A Free Press is not something that can be found everywhere in our world. While Journalism is something that is free in our Democratic Society in many parts of the world what a journalist or reporter can write or say is very heavily regulated and if it does not meet a certain standard that person’s voice is shut out. In some countries speaking against the controlling government can lead to arrest and maybe execution. Women in many parts of the world are discriminated against for becoming part of the press is supposed to be able to speak freely about what is happening in our communities. Free Press is a very loose term when we consider all the ways a person can be silenced. Journalism should be regarded as a very protected profession without reporters recording our history the mistakes we make today will not be seen by generations to come. The outcry of the masses will be snuffed out without the truth tellers you write blogs and record podcasts. The many levels of journalism should be preserved so that the voices of the many can be heard over the propaganda of the autocrats and corporate controllers in today’s world.
In China, at least 21 journalists are in jail – one has been there for nearly 13 years – most of them because of their involvement in the democratic movement known as the Beijing Spring of 1989. They include Wang Juntao and Chen Ziming, of the Economic Weekly. According to several accounts, the illness that Wang Juntao contracted in prison has worsened. Although some journalists were released in 1993, others have been arrested and sentenced, many of them to long prison terms.

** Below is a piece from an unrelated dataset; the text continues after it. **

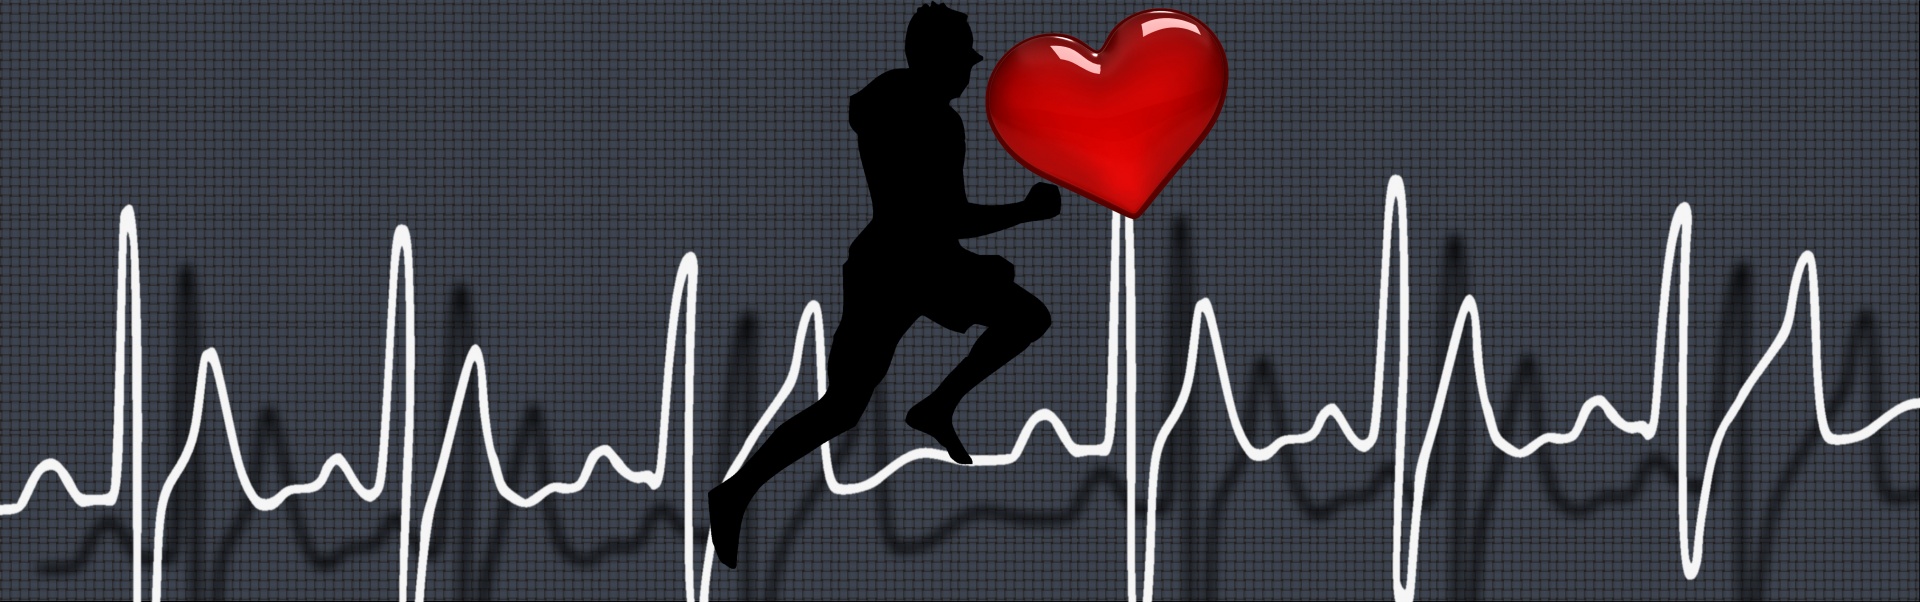 health pulse heart rate free photo
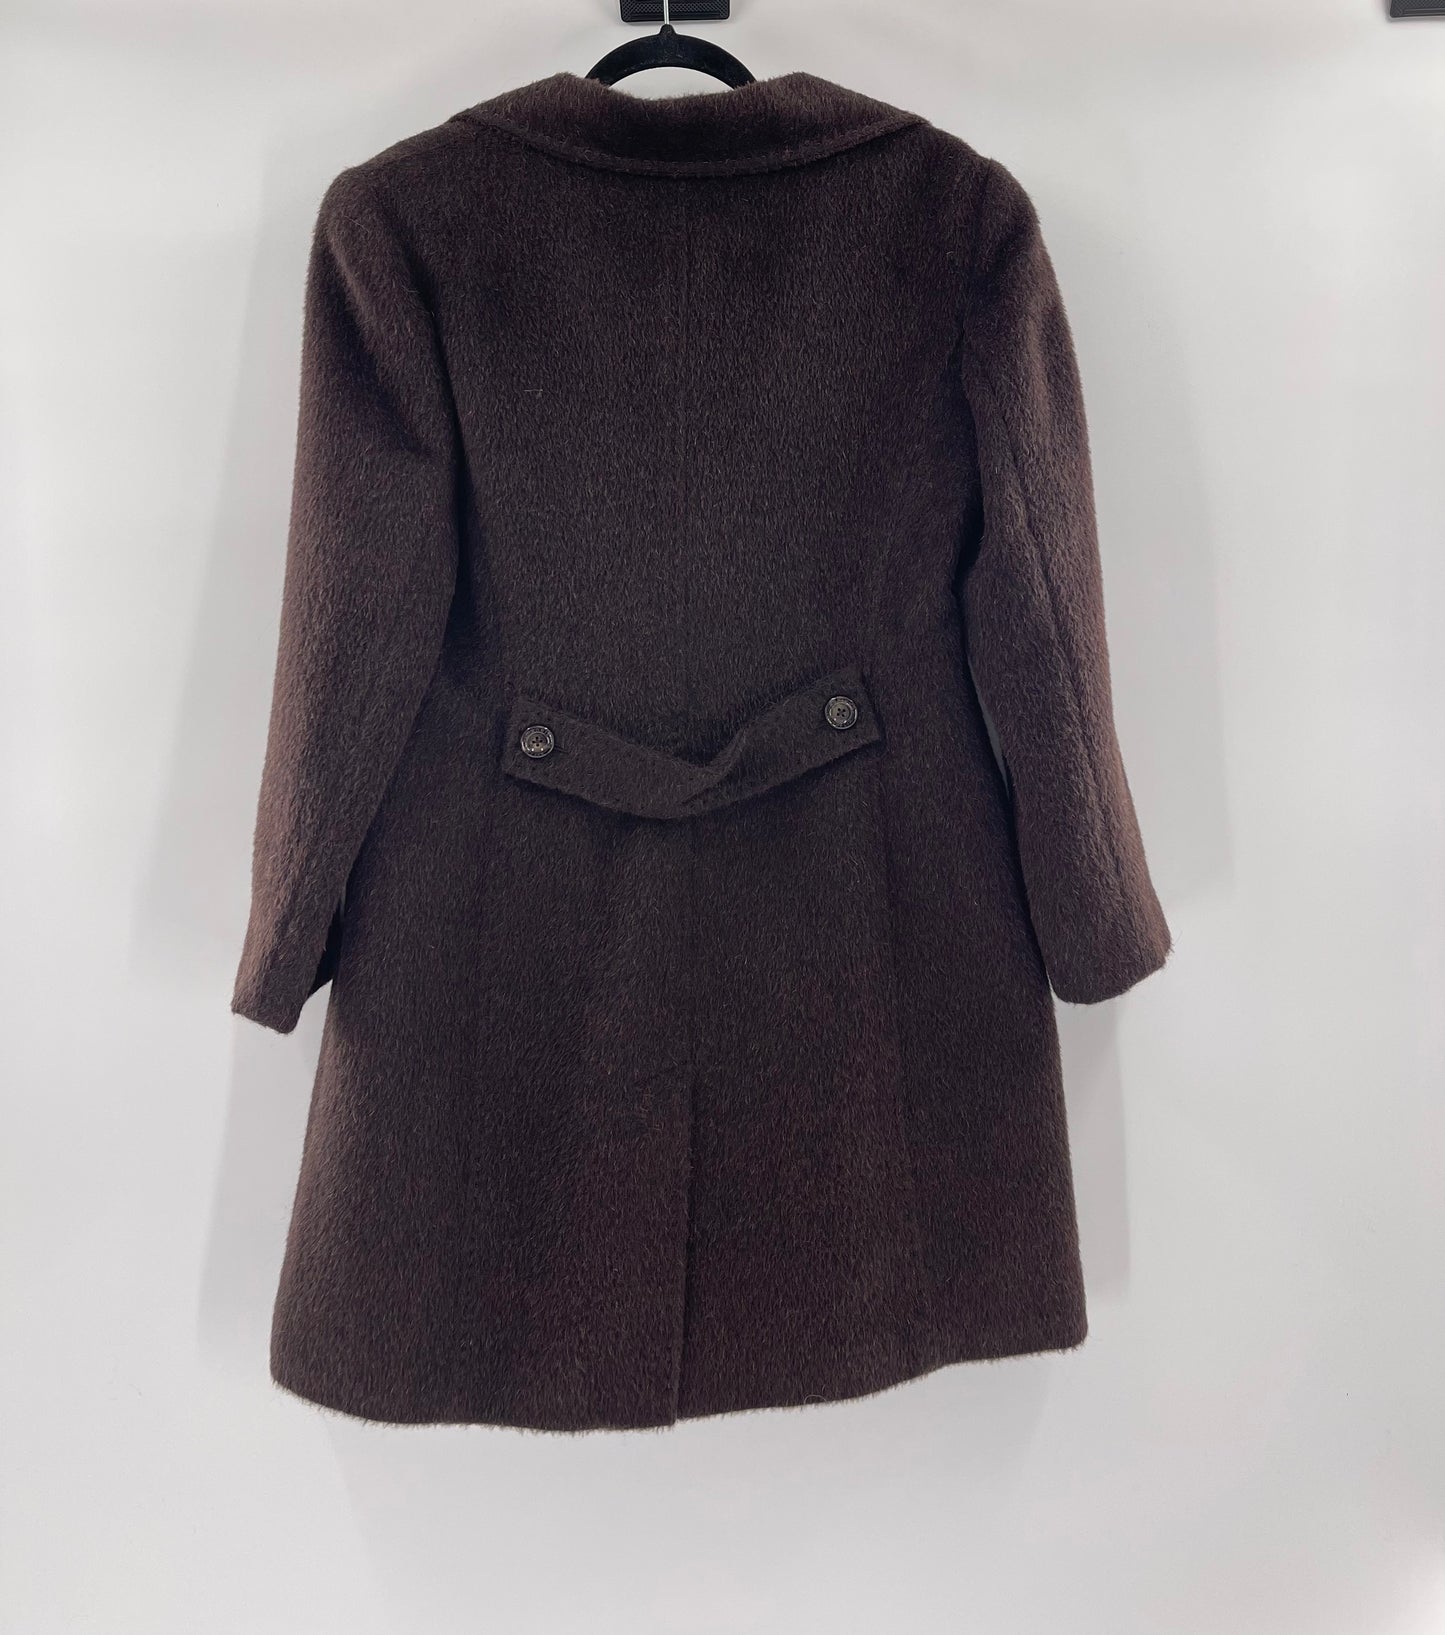 Adrienne Vittadini Brown Wool Coat (Size 8)

In Turkey, where Kurdish journalists are still treated like terrorists, at least 18 have been imprisoned, often simply for mentioning Kurdistan in public. Several are reported to have been tortured.
In Myanmar at least six journalists have been detained for offending the Yangon military junta between 1988 and 1990. Two of them, Win Tin and Nay Min, are seriously ill; they have been allowed no treatment. Two other journalists have already died in the terrible Insein prison for lack of medical care.
In Cuba, where no voice other than that of the ruling Communist Party may be heard, four journalists are paying with their freedom for being dissidents. One of them, Indamiro Restano Díaz, started a 10-year sentence on 20 December 1991.
In Iraq, nine journalists are in prison, and seven of them have been there for nearly 15 years. One, Aziz Al-Syed Jasim, arrested in April 1991 for refusing to write a book about Saddam Hussein, is reported to be suffering from diabetes and heart disease.
In the Islamic Republic of Iran, at least three journalists are being held behind bars. Manouchehr Karimzadeh, of the newspaper Farad, was sentenced in October 1993 to 10 years in prison for drawing a cartoon footballer who, so the Tehran authorities claim, looked like the late Ayatollah Khomeini.
In Sudan, where three reporters are in jail, the authorities can arrest and detain any opponent for several months, at any time and without any form of trial. There are many detention centres – known as “ghost houses” – in Khartoum and the rest of the country.